Listed records START
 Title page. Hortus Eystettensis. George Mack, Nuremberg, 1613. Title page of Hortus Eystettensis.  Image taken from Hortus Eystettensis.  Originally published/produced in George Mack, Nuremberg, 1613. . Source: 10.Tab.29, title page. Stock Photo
Listed records END
Listed records START
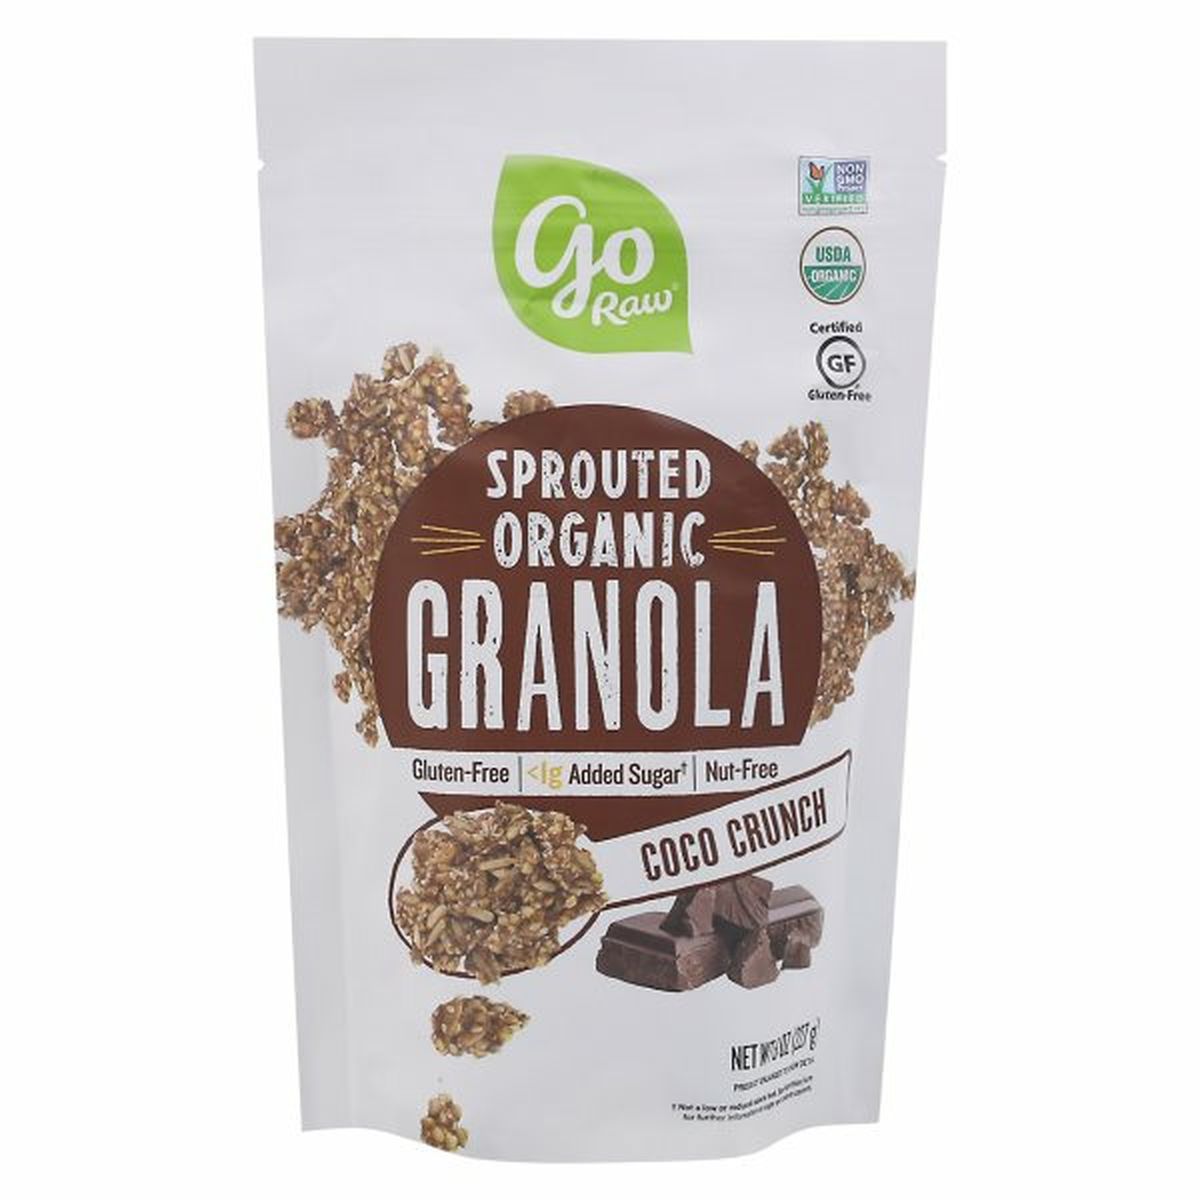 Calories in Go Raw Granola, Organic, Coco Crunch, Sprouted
Listed records END
Listed records START
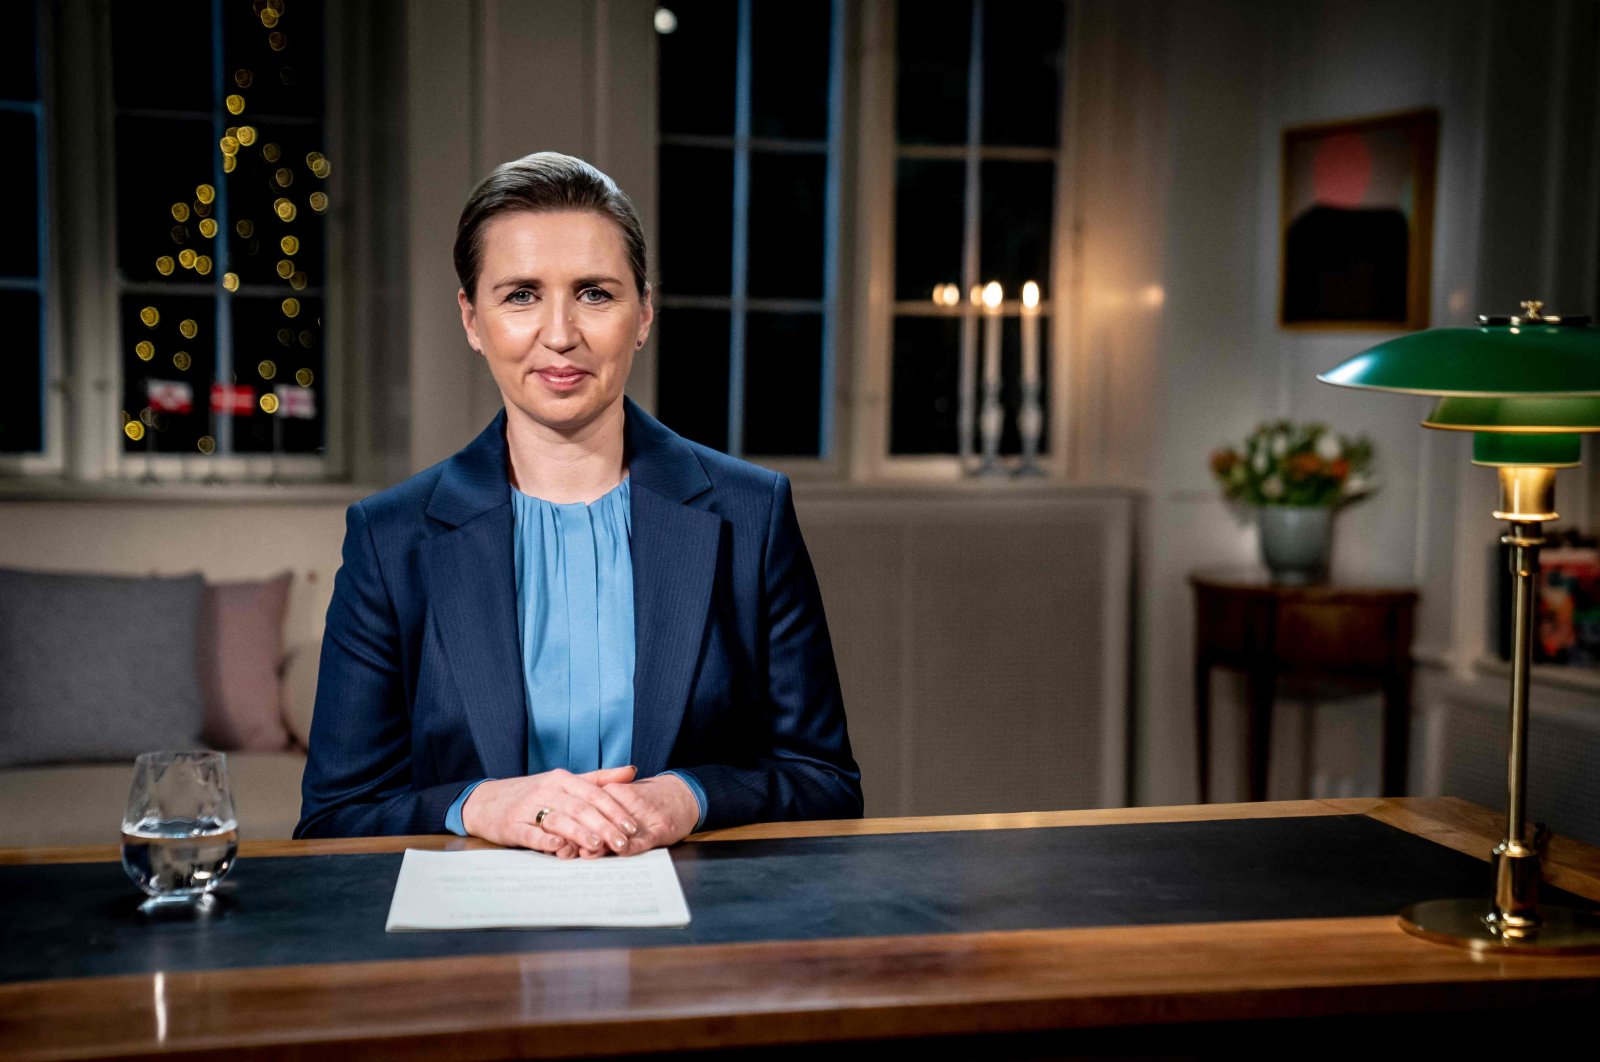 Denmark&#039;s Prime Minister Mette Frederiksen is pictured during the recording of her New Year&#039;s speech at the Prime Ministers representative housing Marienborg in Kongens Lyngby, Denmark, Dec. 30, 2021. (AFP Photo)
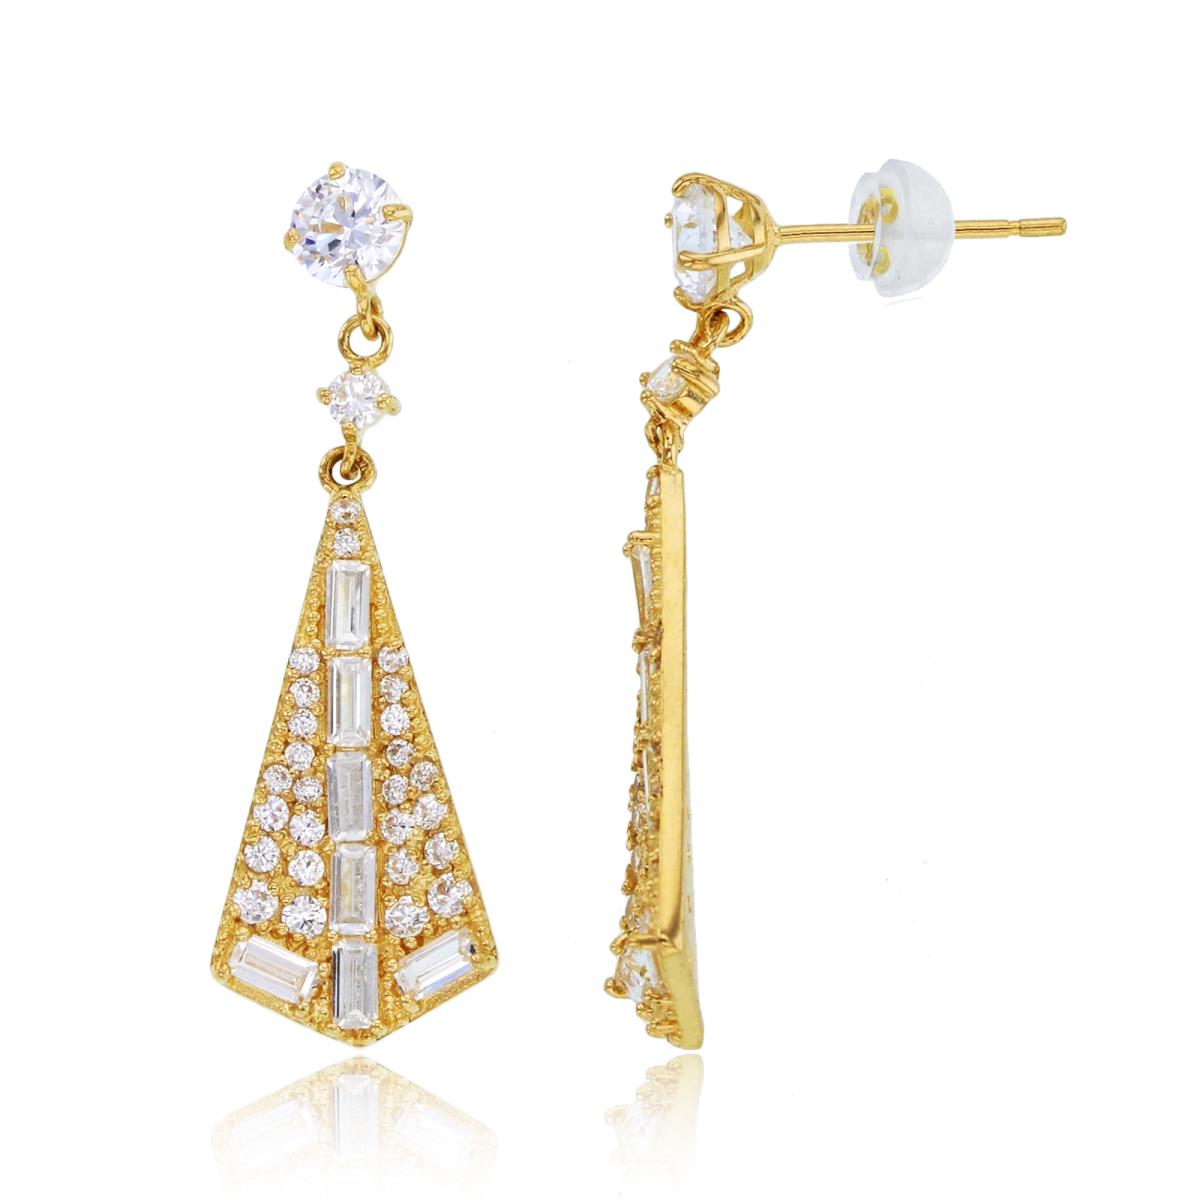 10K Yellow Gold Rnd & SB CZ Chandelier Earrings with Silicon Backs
Listed records END
### Instructions to follow
Working from the entries above, reproduce exactly and only the lines beginning with the line that has "Denmark&#039;s Prime Minister" and ending with the line that has "10K Yellow Gold"; omit all pictures.

### Solved exercise
 Denmark&#039;s Prime Minister Mette Frederiksen is pictured during the recording of her New Year&#039;s speech at the Prime Ministers representative housing Marienborg in Kongens Lyngby, Denmark, Dec. 30, 2021. (AFP Photo)
 10K Yellow Gold Rnd & SB CZ Chandelier Earrings with Silicon Backs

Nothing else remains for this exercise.